Better than a hangover - a manicure! Photo: Dimitri Vervitsiotis
The summer soiree season might be in full swing but a curious thing is happening in the corporate world. The boozy end-of-year bash is being replaced by massages, manicures and pedicures. In short, pampering is the new partying, and health and wellness is the new way to hobnob.
Case in point: a leading real estate firm in Sydney that eschewed its usual liquid lunch in favour of indulgence of a different kind at a local beauty salon and spa. “We've had a lot of great life coaches do training seminars about the importance of work-life balance so we thought a night of pampering would be perfect. It was a fun and healthy evening with sushi and everyone, including the guys, had facials, massages and manicures. The staff loved it and felt great after,” says Susannah Anderson, managing director of Di Jones Real Estate.
Also getting in on the pampering act by opting to let off some steam at the nail bar (rather than in a drunken bar) were the money men and women from Perpetual Finance who recently held a team-building event at Polished Beauty Bar in Woollahra. “They hired out our entire space and staff could choose from manicures, pedicures, brow shaping, blow dry or massage,” says Jo Patterson, director of Polished Beauty Bar, who believes enjoying a few beauty treatments is becoming the preferred alternative to the typical alcohol-fuelled work lunch.
Advertising and media industry executives are turning to nail bars and pedicure stations to conduct meetings. Photo by Tamara Dean.
“The thing I hear over and over from clients is that they are tired of those kind of events. Also many companies have now implemented rules that stipulate staff can no longer drink at lunch,” says Patterson, who also regularly witnesses power meetings being held over manicures and pedicures.
“A lot of corporates, especially in the advertising and media industry, bring in clients and take over our nail bar and pedicure station to conduct meetings,” says Patterson.
Josh Oakes, Director of MPT Corporate Events, agrees the trend for health and wellness is taking off. “We've definitely seen an increase in inquiries for these sort of experiences recently. Just last week we organised a sunrise balloon ride followed by a manicure and pedicure. Usually that would have ended in a champagne breakfast,” says Oakes.
Such is the new-found lust for rejuvenation over annihilation, stressed-out execs needn't even set foot out of the office to get their fill. The emergence of mobile beauty therapists and pamper parties, unleashing an army of experts providing treatments at workplaces or offices, has seen to that.
KPMG demographer Bernard Salt believes our “me-focused” generation is in part fuelling the need to be rewarded. “There's an element of narcissism and feeling special that exists these days. We believe we're all overworked and deserving of appreciation and pampering but if you look back five or even 10 years we are not actually working any longer hours,” says Salt.
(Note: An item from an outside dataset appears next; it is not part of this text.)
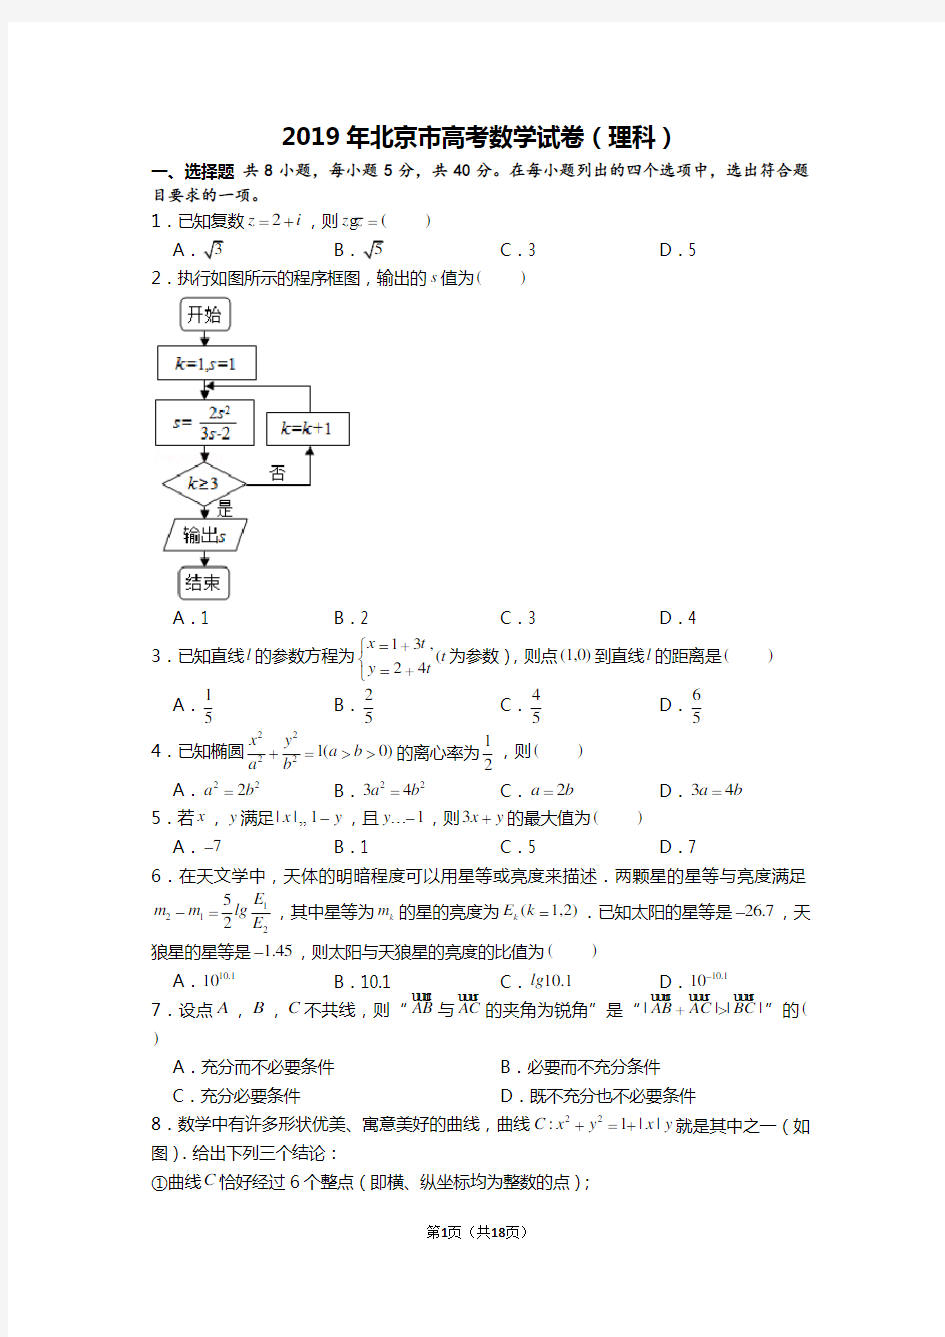 (完整版)2019年北京市高考数学试卷(理科)含答案

The rewards are certainly evident in the growing number of executives booking in for five-star spa retreat breaks.
“We are seeing more and more busy execs and corporate types that have been sent here by their company. In the past they would have been sent to Bali or Thailand to sip cocktails, shop and live it up,” says Tracey Willis, marketing manager for Gwinganna Lifestyle Retreat in Queensland.
Today's brides are also adding to the notion that beauty is the new booze. Drunken debauchery has given way to a desire for some sobering luxury and now hen's parties can be found sipping herbal tea, rather than martinis, in day spas.
Not that you need to be tying the knot to catch up with your BFFs in this way. A day of relaxation and rejuvenation at a spa is even replacing the restaurant as the new way to catch up or celebrate.
“Many of our clients come in with friends to spend a morning or afternoon having beauty treatments and hanging out, especially at this time of year as their annual get-together. Our client base, which includes many corporates, is so much more diverse these days and a visit is no longer a quick necessity, it's something that's planned out and all about pampering,” says Sebastian Rees, who has owned Sydney's Sebastian Salon for well over a decade.
And why not? Who wouldn't want to wake up after a client function with glowing skin and perfect nails rather than a parched throat, pounding headache and the horrifying realisation that you kissed the boss?